# Can't upload BIOS (R9 290X)



## tiptop (Oct 26, 2014)

I'm not sure where to post exactly so sorry if it's a wrong section. The problem is I can't upload a BIOS for my R9 290X Vapor-X to the database. GPU-Z reports:






But all I can see is this page, and I don't see any Vapor-X BIOSes at all.

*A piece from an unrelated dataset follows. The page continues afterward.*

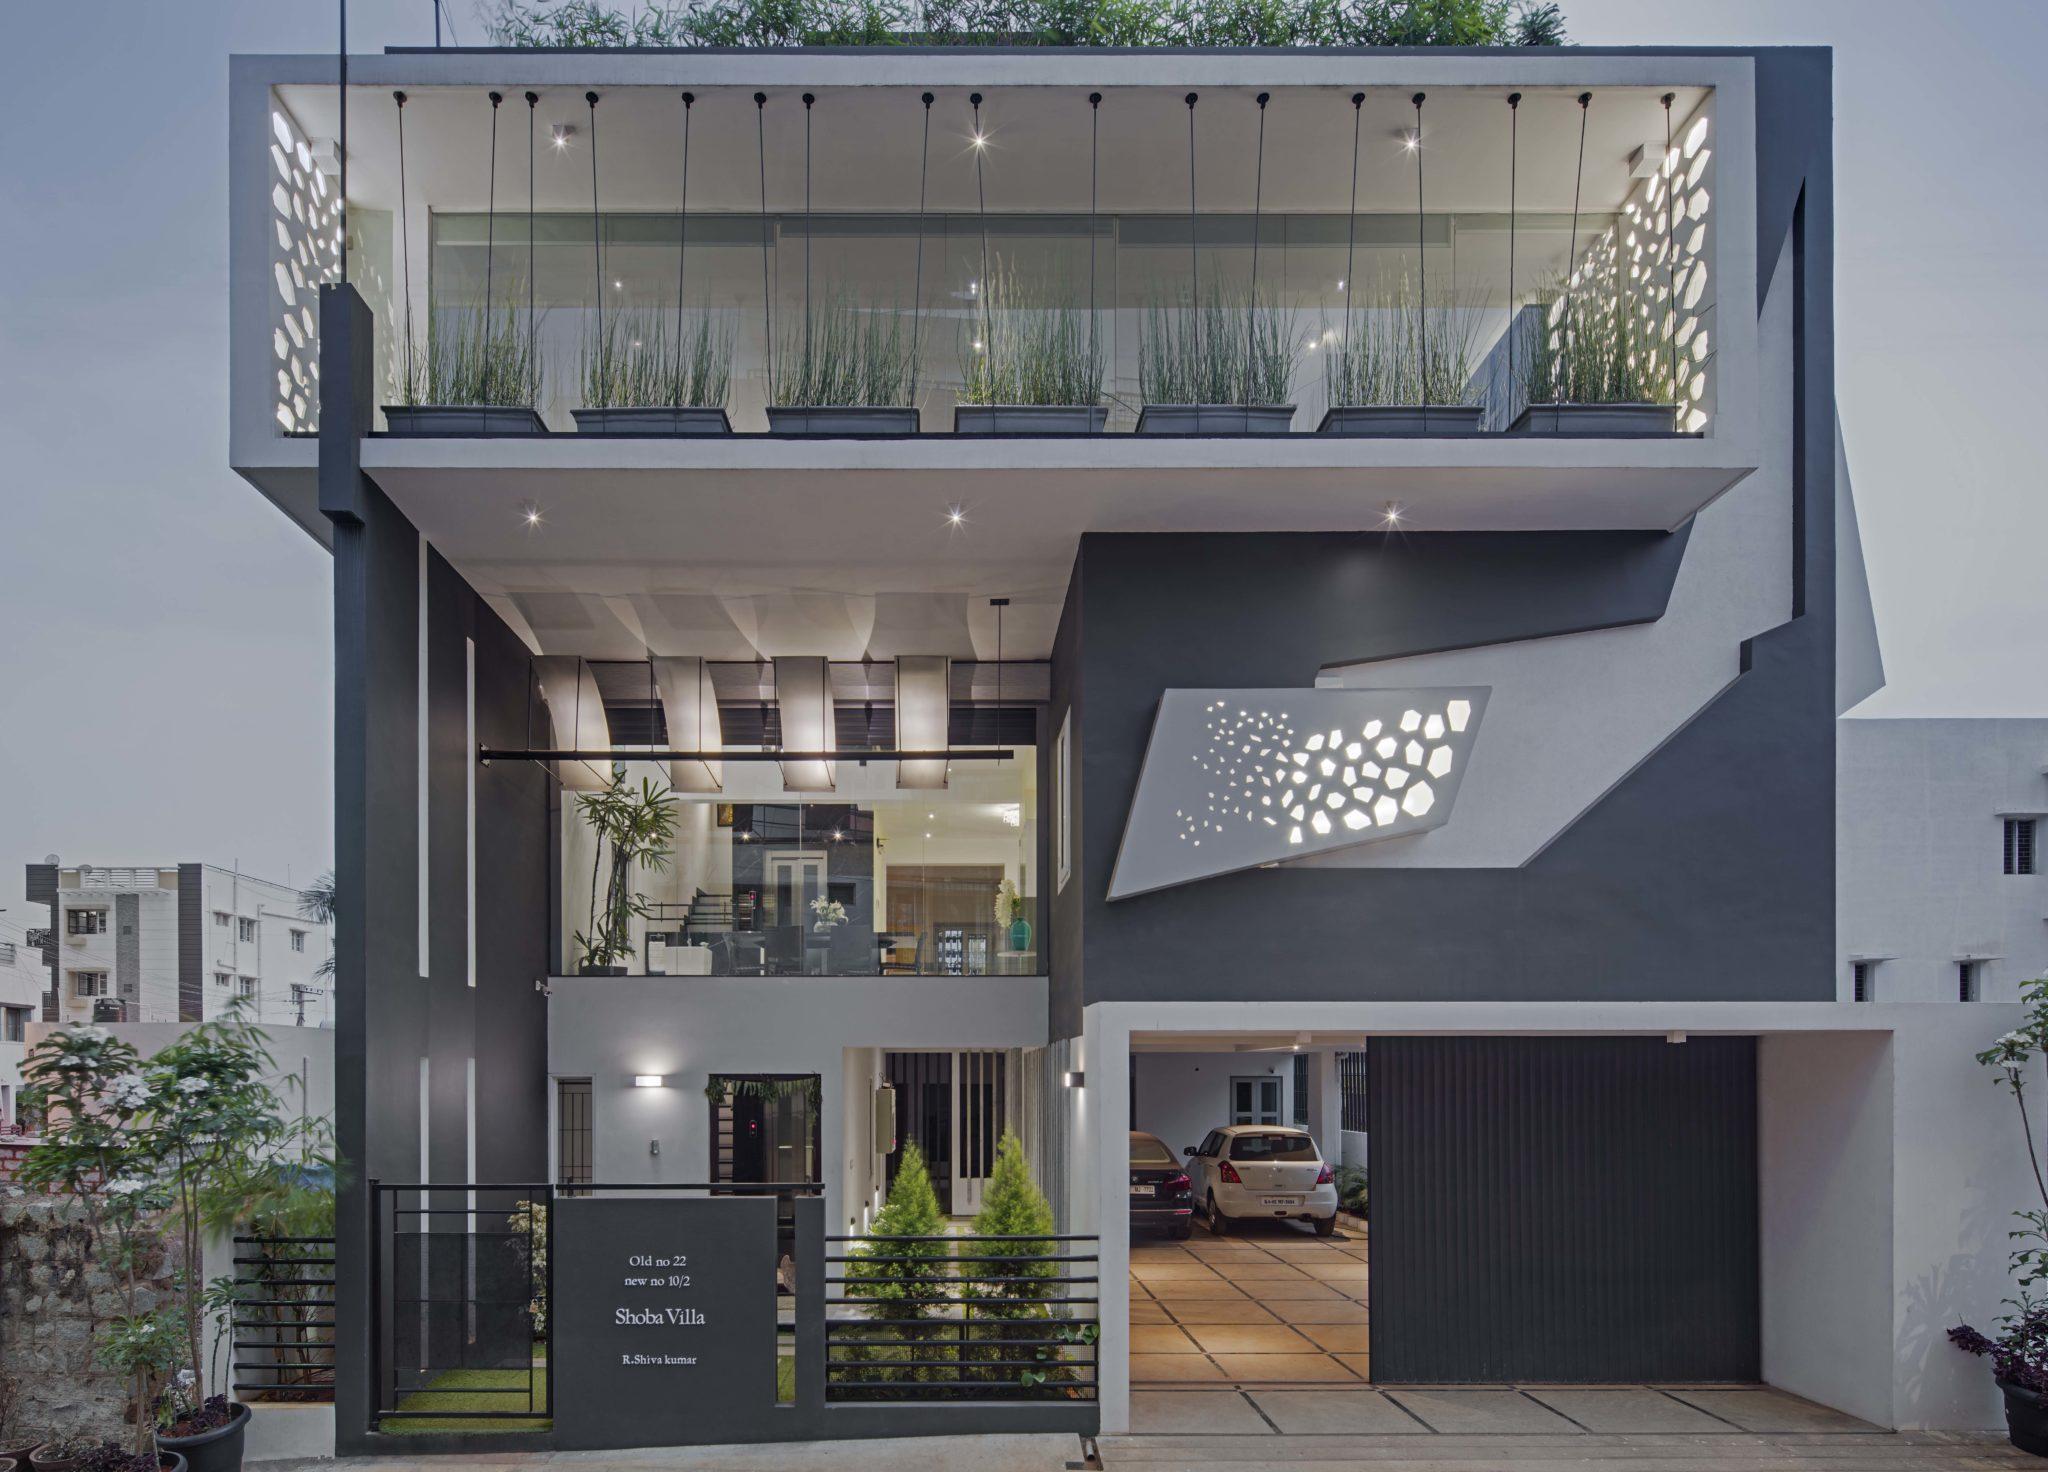 elevation designs front elevation of house | house elevation design india | house design WQSOOVM

What am I doing wrong? Do I have to use some magic trick to see that hidden 161499.rom file as well as other Vapor-X BIOSes?


----------



## buildzoid (Oct 26, 2014)

You're trying to upload an R9 290 BIOS not an R9 290X BIOS so it might already be there because W1zz had a Vapor-X R9 290 review sample


----------



## INSTG8R (Oct 26, 2014)

buildzoid said:


> You're trying to upload an R9 290 BIOS not an R9 290X BIOS so it might already be there because W1zz had a Vapor-X R9 290 review sample


According to the amount of Shaders it a 290X in my books


----------



## tiptop (Oct 26, 2014)

*buildzoid*, do you really think I'm that stupid?  I'm totally aware what card I own.


----------



## buildzoid (Oct 26, 2014)

tiptop said:


> *buildzoid*, do you really think I'm that stupid?  I'm totally aware what card I own.

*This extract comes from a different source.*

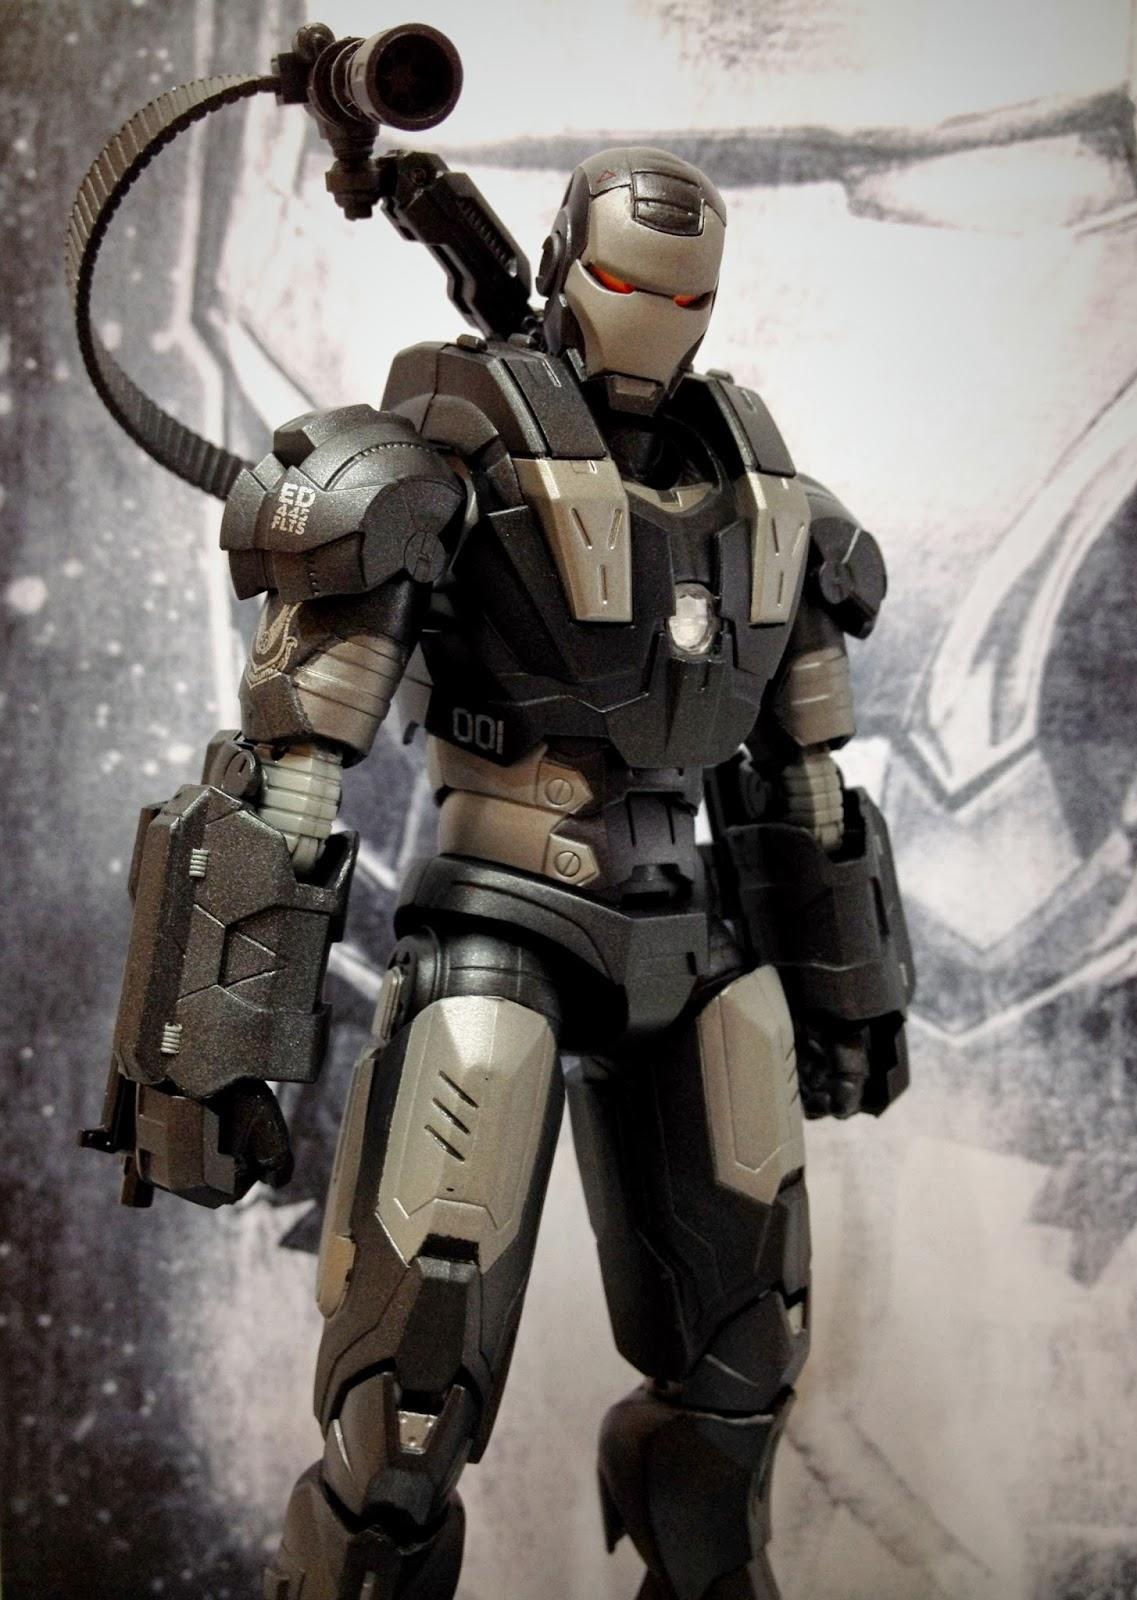 combos action figure collection war machine iron man 2

Yes I do think so because the R9-290X Vapor-X has a core clock of 1080mhz not 1030mhz.
EDIT: Shit sorry didn't know there's a 1030mhz model of the card

EDIT 2: W1zz has to approve a BIOS before it gets in the database so maybe someone already uploaded but W1zz hasn't approved it yet.


----------



## AsRock (Oct 26, 2014)

Get the same with XFX DD 1050 too as it's not listed on their and all so cannot upload it too.


----------



## tiptop (Oct 29, 2014)

And... W1zz just keeps silence? Wonderful. Totally bizarre situation where I just can't find the reason behind all this shit.


----------



## sneekypeet (Oct 29, 2014)

Relax man, swearing at other members, or doing it in general is not going to get results faster for you.

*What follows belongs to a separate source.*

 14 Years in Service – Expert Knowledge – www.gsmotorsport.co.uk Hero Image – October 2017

@W1zzard is a very busy guy, he doesn't just sit around all day eating cheesy poofs and looking at BIOS files, he has this site to run and maintain, he has reviews to do, and there is a line a mile long of hookers he still needs to see 

Then again he may not have even seen this thread, but since I tagged him with the "@ UserNameHere" (no space when using it) feature, he should get a message to check here, and hopefully he can upload the file and point you to it.


----------



## Solaris17 (Oct 29, 2014)

Because ya know w1zzard is at every members beck and call.


----------



## OneMoar (Oct 29, 2014)

if the board is a reference board then its not gonna let you upload it because the reference bios is already in with a matching checksum so you can simply grab any reference bios and it *should* work
o and check the attitude at the door I have enough attitude for all of TPU don't need anymoar


----------



## Solaris17 (Oct 29, 2014)

OneMoar said:


> if the board is a reference board then its not gonna left you upload it because the reference bios is already in with a matching checksum
> o and check the attitude at the door I have enough attitude for all of TPU don't need anymoar



Exactly the card may be diffirent but the bios is not.


----------



## W1zzard (Oct 29, 2014)

All BIOSes that get uploaded need to be manually checked because users make a lot of errors.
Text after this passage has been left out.